The expected answer is the data below, printed verbatim without its pictures.

Exercise data:
┌──
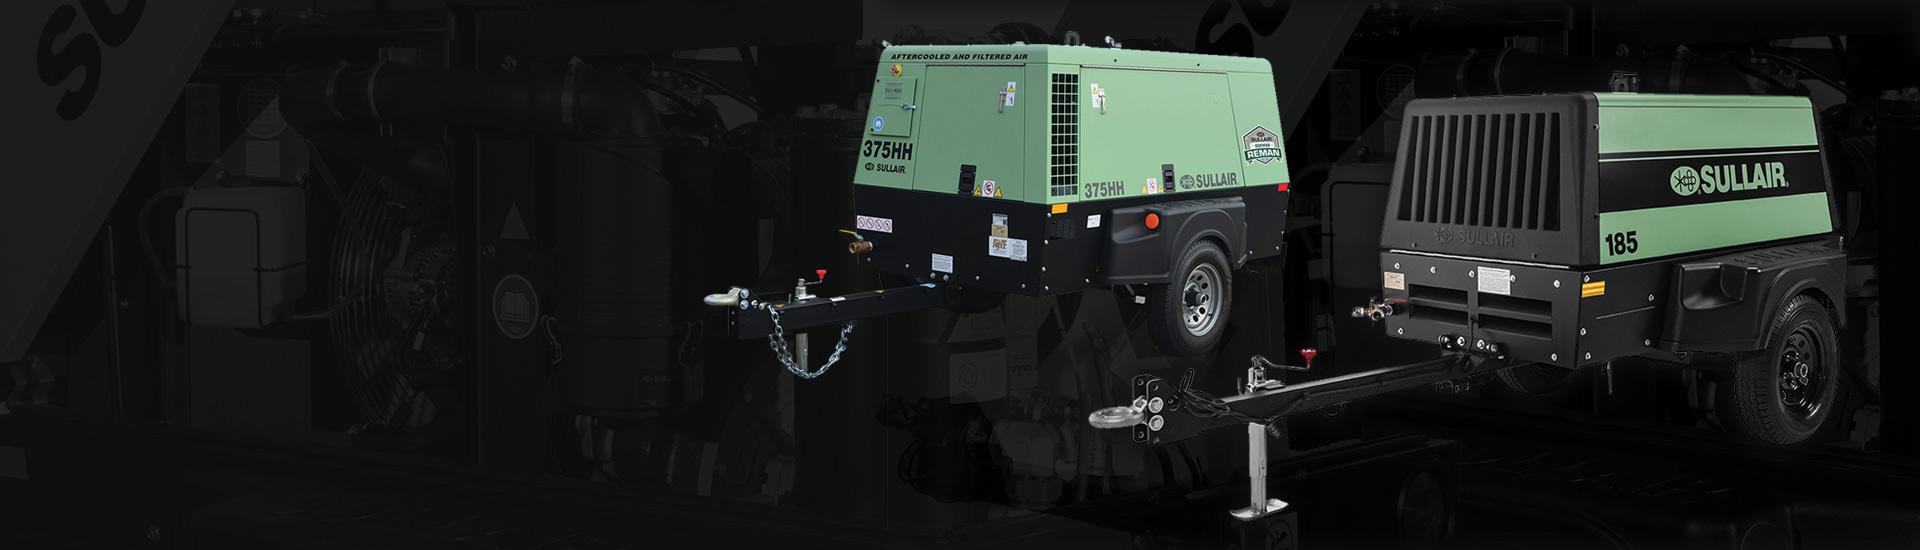 Home Sullair Tank Truck Manufacturer Air Schematic Durability
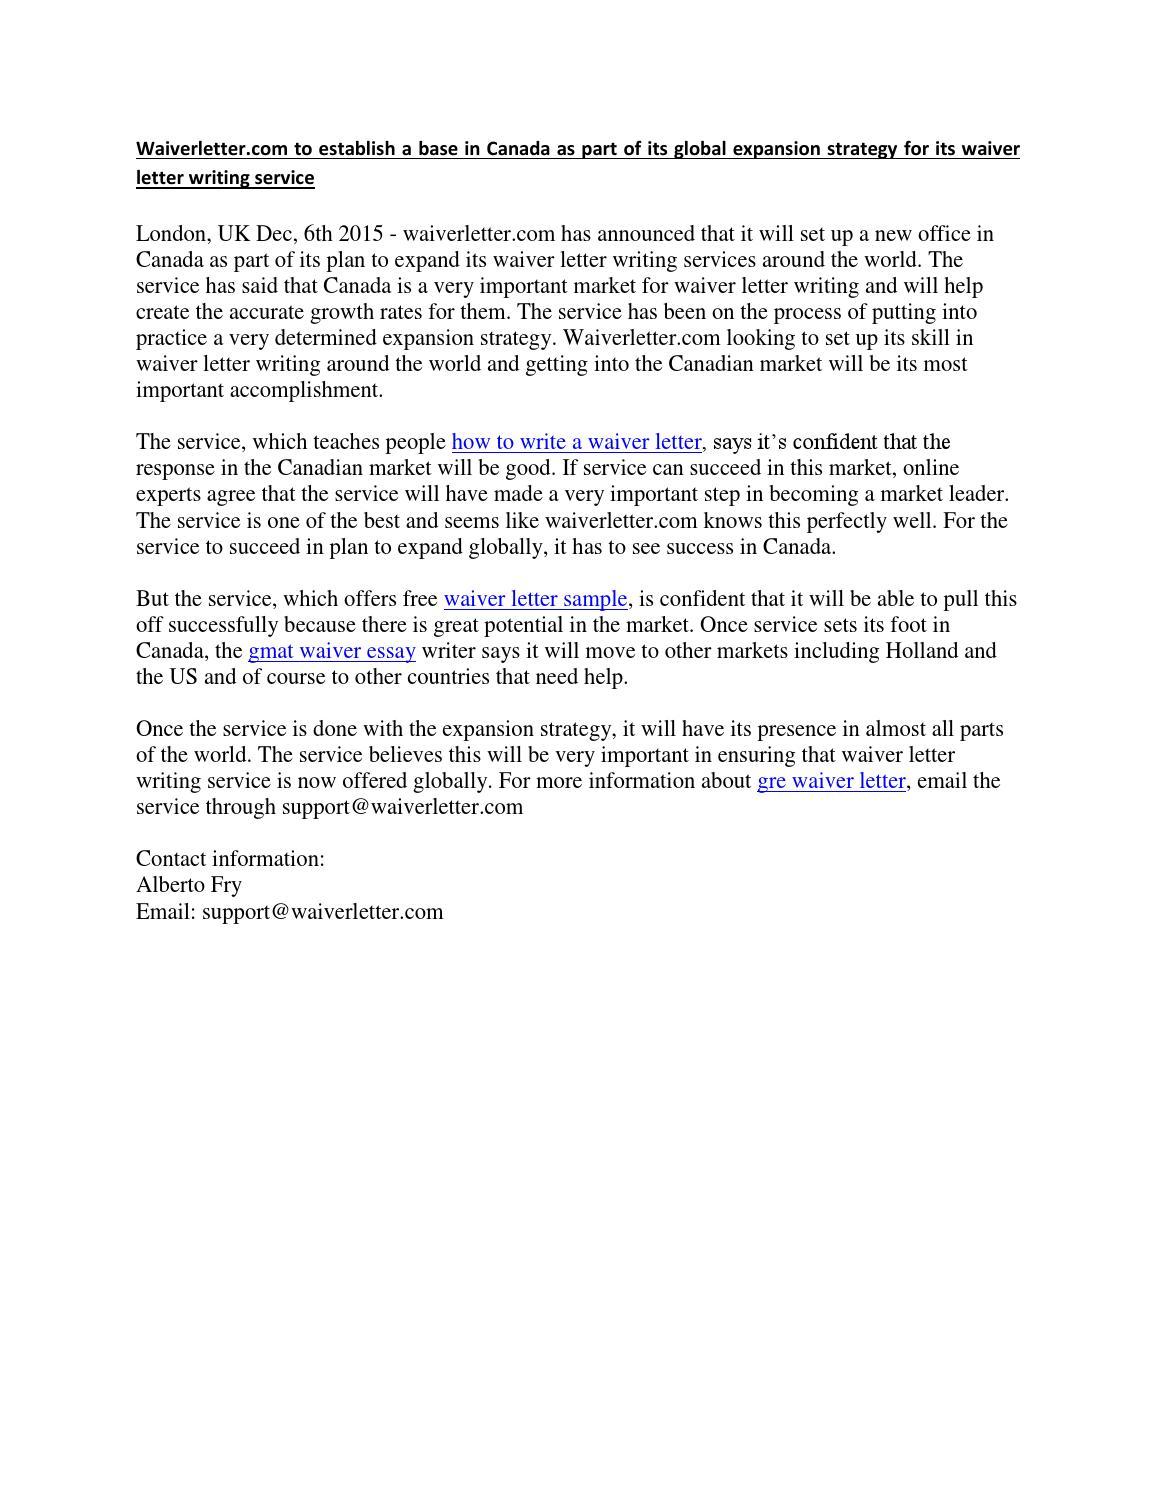 gmat waiver essay sample
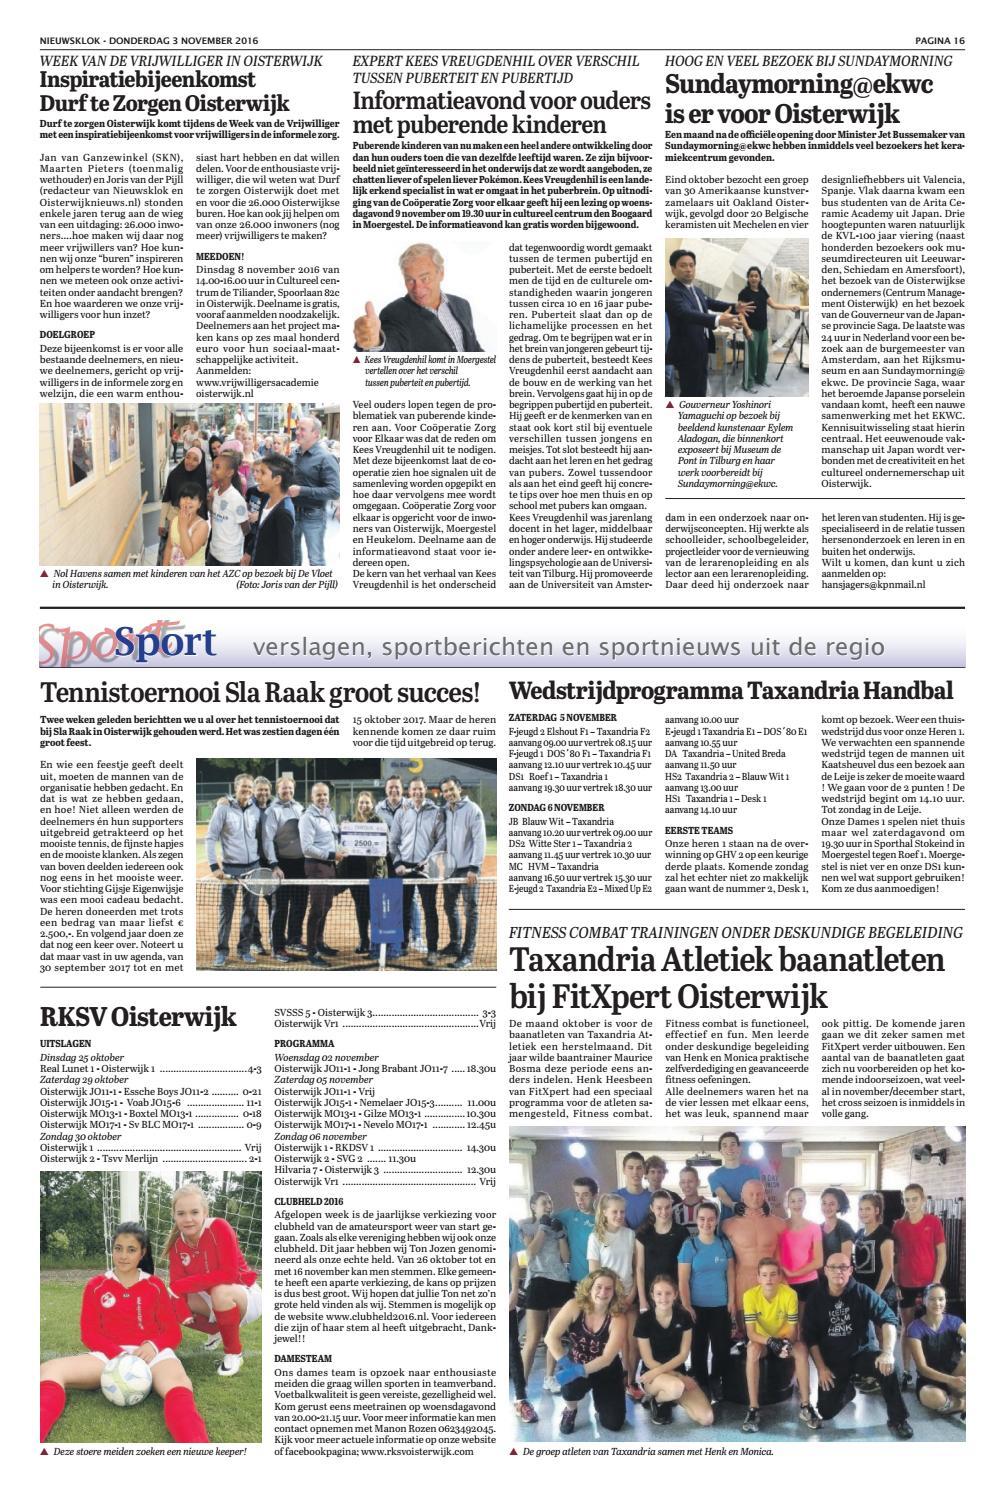 Nieuwsklok 03-11-2016 by Uitgeverij Em de Jong - issuu ab77c039eba1
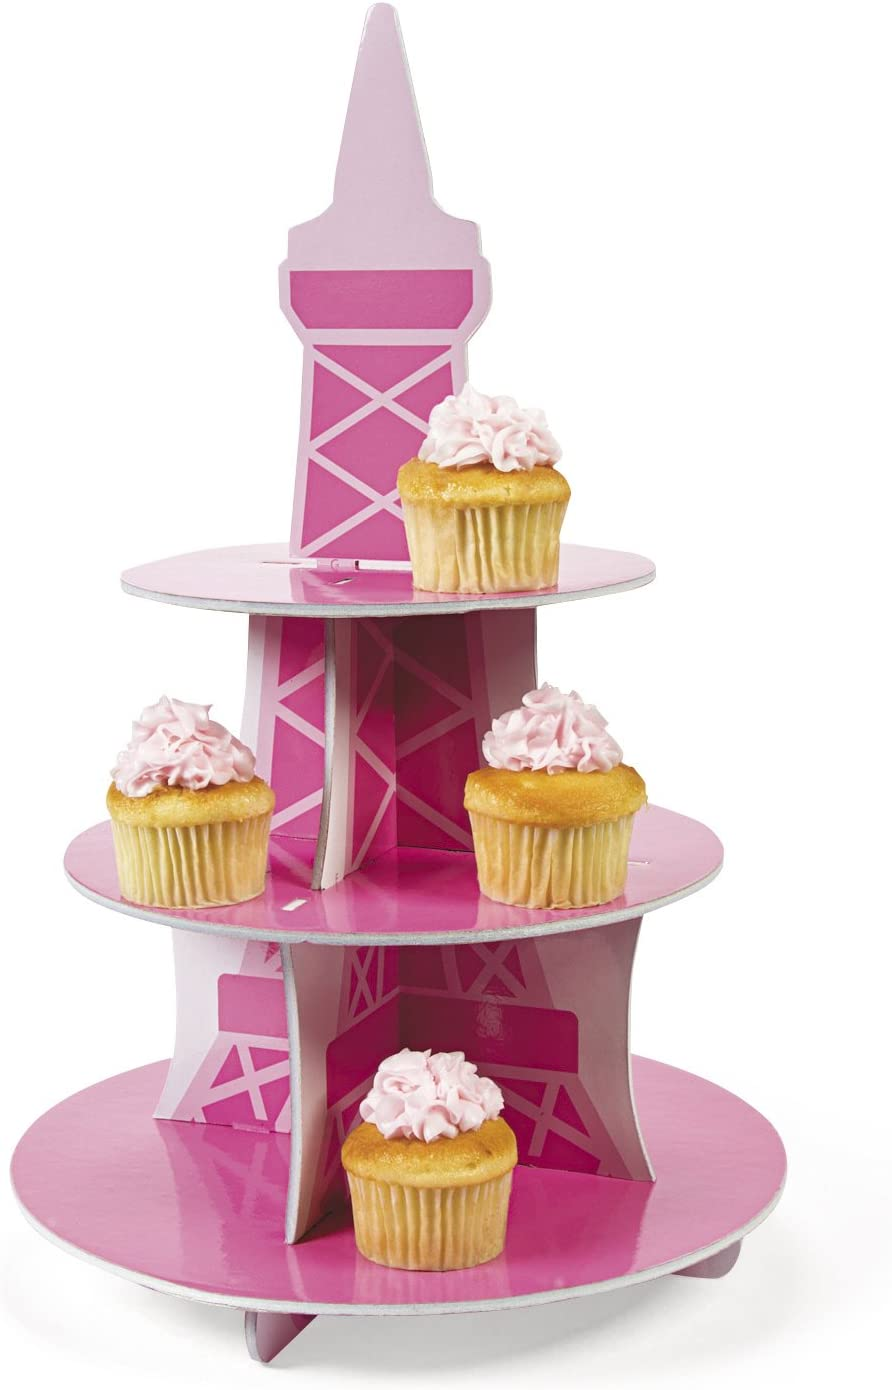 Perfectly Paris Cupcake Holder Foam COMINHKPR95322 19 X 12
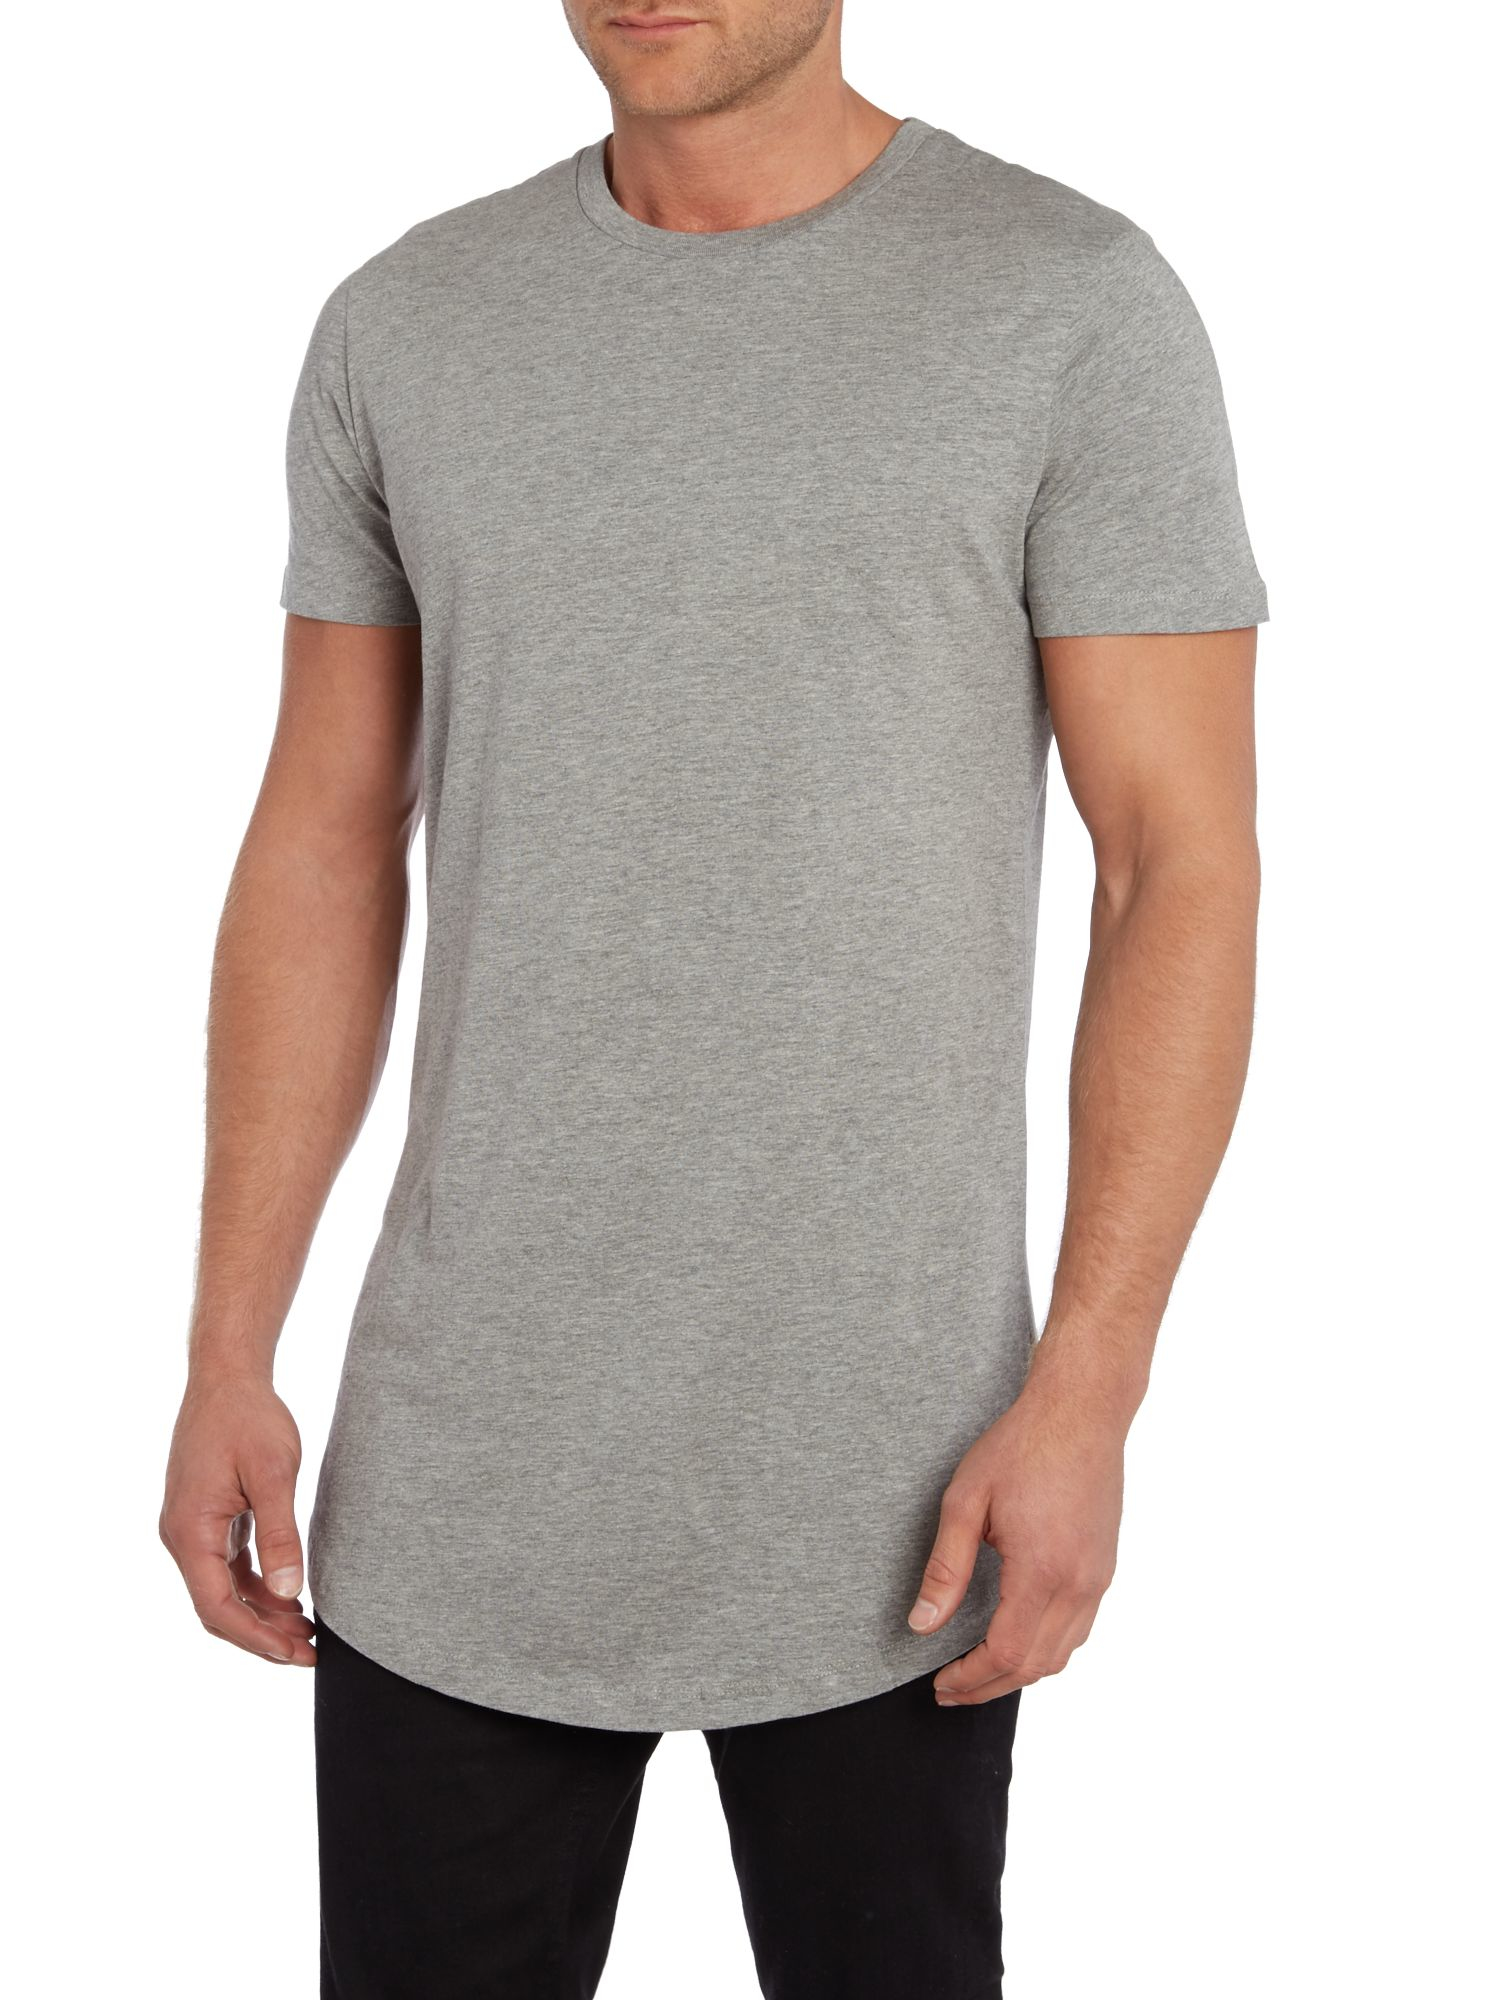 Plain grey long sleeve shirt greek t shirts for Grey long sleeve shirts
└──
Finished task:
 Home Sullair Tank Truck Manufacturer Air Schematic Durability
 gmat waiver essay sample
 Nieuwsklok 03-11-2016 by Uitgeverij Em de Jong - issuu ab77c039eba1
 Perfectly Paris Cupcake Holder Foam COMINHKPR95322 19 X 12
 Plain grey long sleeve shirt greek t shirts for Grey long sleeve shirts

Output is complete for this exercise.